=== TASK BRIEF ===
Every word of the data below has to be copied faithfully.

### DATA RECORDS

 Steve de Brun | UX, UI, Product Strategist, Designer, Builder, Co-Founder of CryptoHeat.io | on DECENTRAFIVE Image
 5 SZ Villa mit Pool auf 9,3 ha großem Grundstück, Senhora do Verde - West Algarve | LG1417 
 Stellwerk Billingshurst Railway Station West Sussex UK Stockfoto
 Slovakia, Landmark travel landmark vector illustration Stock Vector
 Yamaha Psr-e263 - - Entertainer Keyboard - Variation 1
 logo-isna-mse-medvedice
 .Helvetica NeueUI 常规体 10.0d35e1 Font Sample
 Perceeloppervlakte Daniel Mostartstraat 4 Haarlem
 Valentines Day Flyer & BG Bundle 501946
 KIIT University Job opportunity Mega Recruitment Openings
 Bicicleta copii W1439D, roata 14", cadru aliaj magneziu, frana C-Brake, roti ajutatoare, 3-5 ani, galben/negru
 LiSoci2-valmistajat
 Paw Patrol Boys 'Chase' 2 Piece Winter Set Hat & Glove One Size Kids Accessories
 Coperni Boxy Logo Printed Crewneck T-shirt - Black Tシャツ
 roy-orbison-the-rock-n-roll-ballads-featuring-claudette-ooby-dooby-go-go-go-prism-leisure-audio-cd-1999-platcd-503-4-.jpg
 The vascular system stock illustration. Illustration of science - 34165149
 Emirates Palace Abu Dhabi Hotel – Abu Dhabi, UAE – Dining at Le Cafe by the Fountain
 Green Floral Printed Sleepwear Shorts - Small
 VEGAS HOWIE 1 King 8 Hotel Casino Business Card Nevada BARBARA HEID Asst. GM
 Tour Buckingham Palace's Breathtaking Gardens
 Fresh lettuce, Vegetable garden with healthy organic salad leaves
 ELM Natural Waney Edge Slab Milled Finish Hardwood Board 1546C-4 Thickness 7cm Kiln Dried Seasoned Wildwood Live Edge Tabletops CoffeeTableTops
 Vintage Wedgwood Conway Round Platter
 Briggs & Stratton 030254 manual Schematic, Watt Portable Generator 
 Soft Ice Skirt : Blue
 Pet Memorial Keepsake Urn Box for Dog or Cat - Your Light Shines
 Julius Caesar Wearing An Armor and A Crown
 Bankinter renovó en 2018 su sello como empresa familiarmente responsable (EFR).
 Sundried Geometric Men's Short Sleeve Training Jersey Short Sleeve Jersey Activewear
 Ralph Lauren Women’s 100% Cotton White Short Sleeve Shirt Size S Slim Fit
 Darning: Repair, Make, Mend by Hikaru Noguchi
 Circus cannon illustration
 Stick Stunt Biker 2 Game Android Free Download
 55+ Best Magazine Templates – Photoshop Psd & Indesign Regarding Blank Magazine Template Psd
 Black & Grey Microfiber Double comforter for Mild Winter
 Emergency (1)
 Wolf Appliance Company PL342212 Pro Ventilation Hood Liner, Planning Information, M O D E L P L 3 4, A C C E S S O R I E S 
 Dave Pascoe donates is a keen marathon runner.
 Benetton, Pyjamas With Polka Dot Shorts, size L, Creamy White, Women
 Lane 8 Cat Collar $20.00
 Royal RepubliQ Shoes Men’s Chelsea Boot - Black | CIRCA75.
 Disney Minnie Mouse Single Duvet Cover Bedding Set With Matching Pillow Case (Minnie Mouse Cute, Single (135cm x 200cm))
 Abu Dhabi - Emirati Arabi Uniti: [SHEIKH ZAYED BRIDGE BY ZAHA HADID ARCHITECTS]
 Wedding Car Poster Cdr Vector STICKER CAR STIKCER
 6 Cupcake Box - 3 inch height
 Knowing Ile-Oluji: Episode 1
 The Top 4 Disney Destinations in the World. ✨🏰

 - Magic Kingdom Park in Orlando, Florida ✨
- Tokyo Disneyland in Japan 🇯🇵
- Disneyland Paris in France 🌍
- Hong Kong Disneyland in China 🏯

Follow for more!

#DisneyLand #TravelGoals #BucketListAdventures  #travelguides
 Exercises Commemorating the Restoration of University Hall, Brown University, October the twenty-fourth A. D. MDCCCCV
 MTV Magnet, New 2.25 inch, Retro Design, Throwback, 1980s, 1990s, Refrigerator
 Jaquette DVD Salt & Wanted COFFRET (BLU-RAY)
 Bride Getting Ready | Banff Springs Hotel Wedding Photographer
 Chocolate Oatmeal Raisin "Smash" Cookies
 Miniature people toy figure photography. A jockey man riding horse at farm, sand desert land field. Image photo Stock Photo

######

=== THE ANSWER ===
 Steve de Brun | UX, UI, Product Strategist, Designer, Builder, Co-Founder of CryptoHeat.io | on DECENTRAFIVE Image
 5 SZ Villa mit Pool auf 9,3 ha großem Grundstück, Senhora do Verde - West Algarve | LG1417 
 Stellwerk Billingshurst Railway Station West Sussex UK Stockfoto
 Slovakia, Landmark travel landmark vector illustration Stock Vector
 Yamaha Psr-e263 - - Entertainer Keyboard - Variation 1
 logo-isna-mse-medvedice
 .Helvetica NeueUI 常规体 10.0d35e1 Font Sample
 Perceeloppervlakte Daniel Mostartstraat 4 Haarlem
 Valentines Day Flyer & BG Bundle 501946
 KIIT University Job opportunity Mega Recruitment Openings
 Bicicleta copii W1439D, roata 14", cadru aliaj magneziu, frana C-Brake, roti ajutatoare, 3-5 ani, galben/negru
 LiSoci2-valmistajat
 Paw Patrol Boys 'Chase' 2 Piece Winter Set Hat & Glove One Size Kids Accessories
 Coperni Boxy Logo Printed Crewneck T-shirt - Black Tシャツ
 roy-orbison-the-rock-n-roll-ballads-featuring-claudette-ooby-dooby-go-go-go-prism-leisure-audio-cd-1999-platcd-503-4-.jpg
 The vascular system stock illustration. Illustration of science - 34165149
 Emirates Palace Abu Dhabi Hotel – Abu Dhabi, UAE – Dining at Le Cafe by the Fountain
 Green Floral Printed Sleepwear Shorts - Small
 VEGAS HOWIE 1 King 8 Hotel Casino Business Card Nevada BARBARA HEID Asst. GM
 Tour Buckingham Palace's Breathtaking Gardens
 Fresh lettuce, Vegetable garden with healthy organic salad leaves
 ELM Natural Waney Edge Slab Milled Finish Hardwood Board 1546C-4 Thickness 7cm Kiln Dried Seasoned Wildwood Live Edge Tabletops CoffeeTableTops
 Vintage Wedgwood Conway Round Platter
 Briggs & Stratton 030254 manual Schematic, Watt Portable Generator 
 Soft Ice Skirt : Blue
 Pet Memorial Keepsake Urn Box for Dog or Cat - Your Light Shines
 Julius Caesar Wearing An Armor and A Crown
 Bankinter renovó en 2018 su sello como empresa familiarmente responsable (EFR).
 Sundried Geometric Men's Short Sleeve Training Jersey Short Sleeve Jersey Activewear
 Ralph Lauren Women’s 100% Cotton White Short Sleeve Shirt Size S Slim Fit
 Darning: Repair, Make, Mend by Hikaru Noguchi
 Circus cannon illustration
 Stick Stunt Biker 2 Game Android Free Download
 55+ Best Magazine Templates – Photoshop Psd & Indesign Regarding Blank Magazine Template Psd
 Black & Grey Microfiber Double comforter for Mild Winter
 Emergency (1)
 Wolf Appliance Company PL342212 Pro Ventilation Hood Liner, Planning Information, M O D E L P L 3 4, A C C E S S O R I E S 
 Dave Pascoe donates is a keen marathon runner.
 Benetton, Pyjamas With Polka Dot Shorts, size L, Creamy White, Women
 Lane 8 Cat Collar $20.00
 Royal RepubliQ Shoes Men’s Chelsea Boot - Black | CIRCA75.
 Disney Minnie Mouse Single Duvet Cover Bedding Set With Matching Pillow Case (Minnie Mouse Cute, Single (135cm x 200cm))
 Abu Dhabi - Emirati Arabi Uniti: [SHEIKH ZAYED BRIDGE BY ZAHA HADID ARCHITECTS]
 Wedding Car Poster Cdr Vector STICKER CAR STIKCER
 6 Cupcake Box - 3 inch height
 Knowing Ile-Oluji: Episode 1
 The Top 4 Disney Destinations in the World. ✨🏰

 - Magic Kingdom Park in Orlando, Florida ✨
- Tokyo Disneyland in Japan 🇯🇵
- Disneyland Paris in France 🌍
- Hong Kong Disneyland in China 🏯

Follow for more!

#DisneyLand #TravelGoals #BucketListAdventures  #travelguides
 Exercises Commemorating the Restoration of University Hall, Brown University, October the twenty-fourth A. D. MDCCCCV
 MTV Magnet, New 2.25 inch, Retro Design, Throwback, 1980s, 1990s, Refrigerator
 Jaquette DVD Salt & Wanted COFFRET (BLU-RAY)
 Bride Getting Ready | Banff Springs Hotel Wedding Photographer
 Chocolate Oatmeal Raisin "Smash" Cookies
 Miniature people toy figure photography. A jockey man riding horse at farm, sand desert land field. Image photo Stock Photo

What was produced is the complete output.